Safety of AAV Factor IX Peripheral Transvenular Gene Delivery to Muscle in Hemophilia B Dogs

Division of Hematology and Center for Cellular and Molecular Therapeutics, Children's Hospital of Philadelphia, Philadelphia, Pennsylvania 19104, USA.
Molecular Therapy (Impact Factor: 6.23). 07/2010; 18(7):1318-29. DOI: 10.1038/mt.2010.73
Source: PubMed


Muscle represents an attractive target tissue for adeno-associated virus (AAV) vector-mediated gene transfer for hemophilia B (HB).
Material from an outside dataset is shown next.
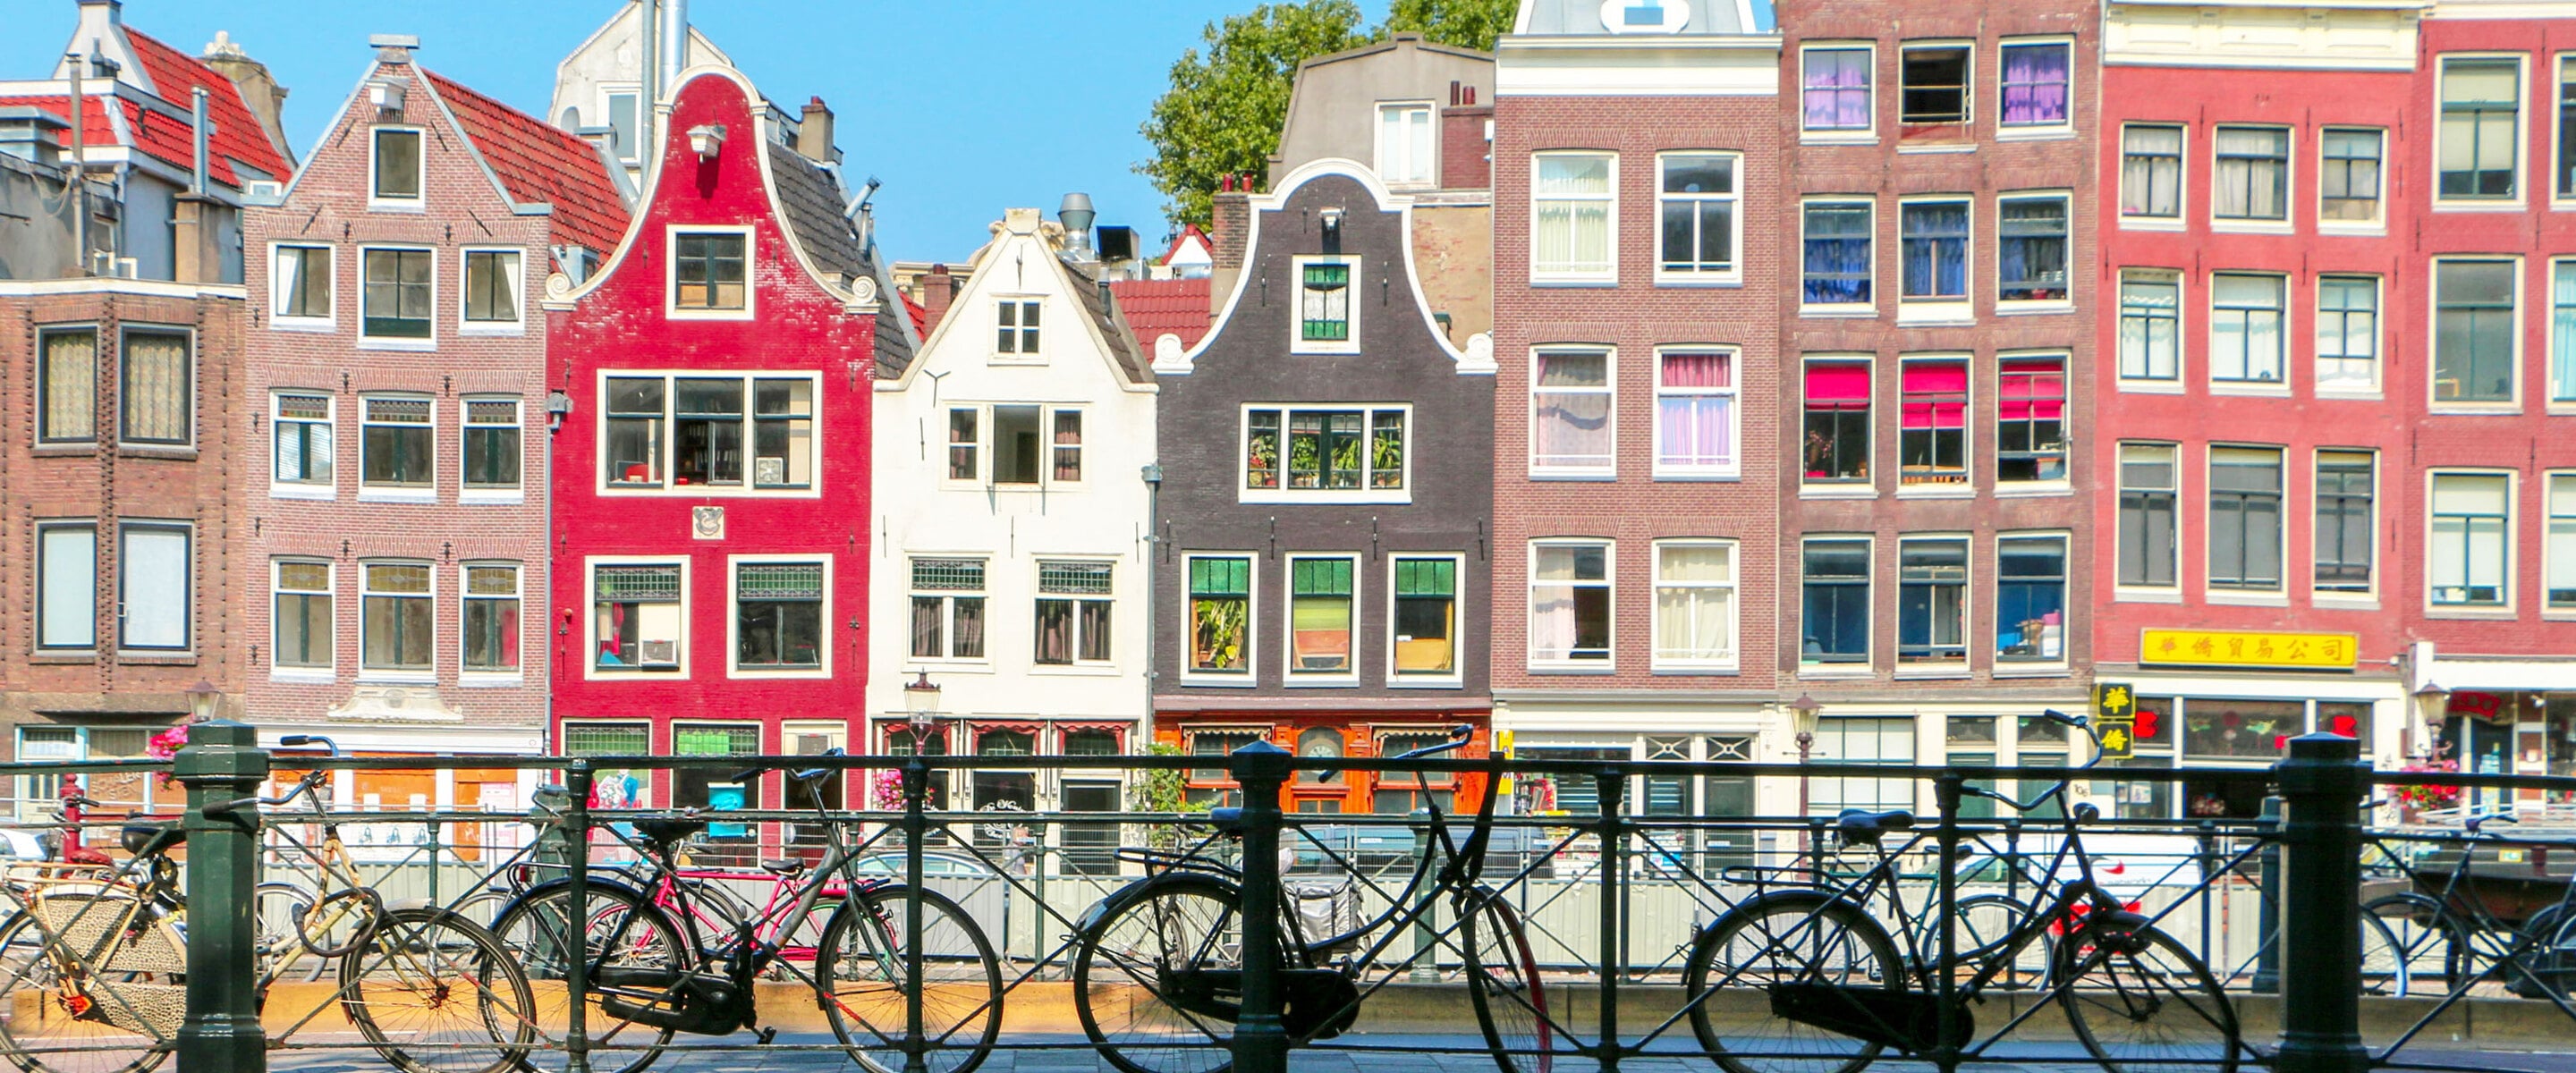 Amsterdam Is Vying With 24 Other Cities for the Title of "Plant-Based Capital"

Experience with direct intramuscular (i.m.) administration of AAV vectors in humans showed that the approach is safe but fails to achieve therapeutic efficacy. Here, we present a careful evaluation of the safety profile (vector, transgene, and administration procedure) of peripheral transvenular administration of AAV-canine factor IX (cFIX) vectors to the muscle of HB dogs. Vector administration resulted in sustained therapeutic levels of cFIX expression. Although all animals developed a robust antibody response to the AAV capsid, no T-cell responses to the capsid antigen were detected by interferon (IFN)-gamma enzyme-linked immunosorbent spot (ELISpot). Interleukin (IL)-10 ELISpot screening of lymphocytes showed reactivity to cFIX-derived peptides, and restimulation of T cells in vitro in the presence of the identified cFIX epitopes resulted in the expansion of CD4(+)FoxP3(+)IL-10(+) T-cells. Vector administration was not associated with systemic inflammation, and vector spread to nontarget tissues was minimal. At the local level, limited levels of cell infiltrates were detected when the vector was administered intravascularly. In summary, this study in a large animal model of HB demonstrates that therapeutic levels of gene transfer can be safely achieved using a novel route of intravascular gene transfer to muscle.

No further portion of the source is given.